Why This Matters Beyond AgentNexus

The reason I think this is worth formalizing as a protocol rather than just an implementation detail is that every non-trivial MCP service has this problem.

Any service that expects agents to follow a specific workflow — check for updates before starting, use a particular naming convention, call tools in a specific order — is currently relying on out-of-band documentation or hoping agents figure it out from tool descriptions alone. Neither works reliably.

The proliferation of instruction file formats makes this worse. The same workflow knowledge needs to be expressed differently for Kiro, Claude Code, Codex, and Cursor. A service author who wants to support all four environments today has to maintain four separate files by hand.
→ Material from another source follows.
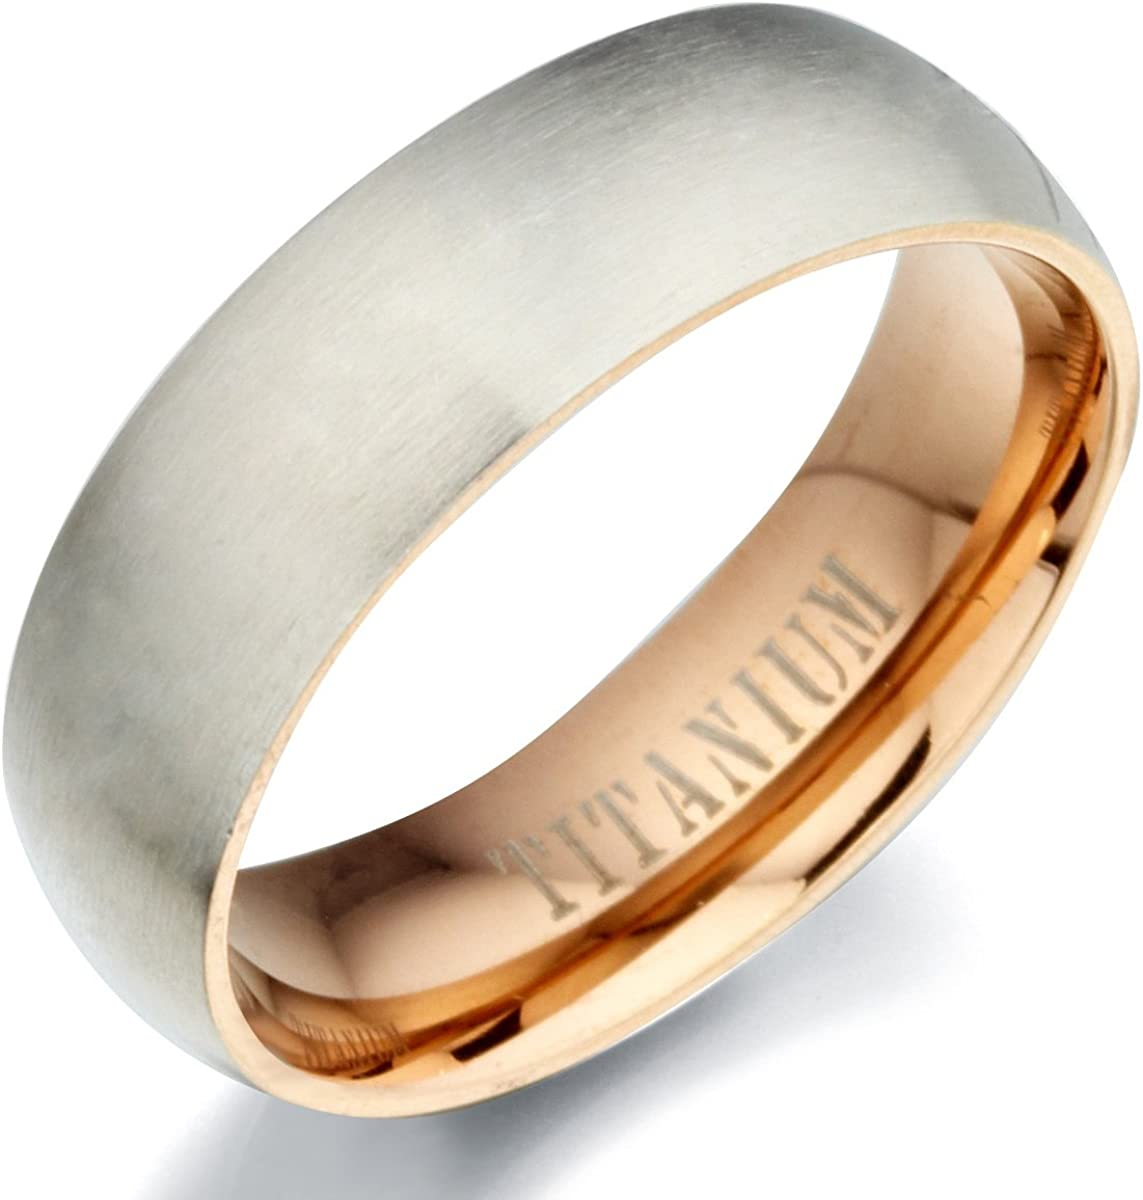 Gemini His or Her Two Tone Black Matt and Polish Titanium Wedding Ring Width 5mm

SDAOP makes the service the authoritative source of onboarding knowledge, and the client-specific file a derived artifact. One canonical document, multiple adapters:

Service (authoritative source)
    ↓ generate_instruction_file(client_type=...)
    ├─ Kiro     → .kiro/steering/doc-exchange.md  (inclusion: auto frontmatter)
    ├─ Claude   → CLAUDE.md                        (plain markdown)
    ├─ Codex    → AGENTS.md                        (plain markdown)
    └─ Cursor   → .cursor/rules/doc-exchange.mdc   (alwaysApply frontmatter)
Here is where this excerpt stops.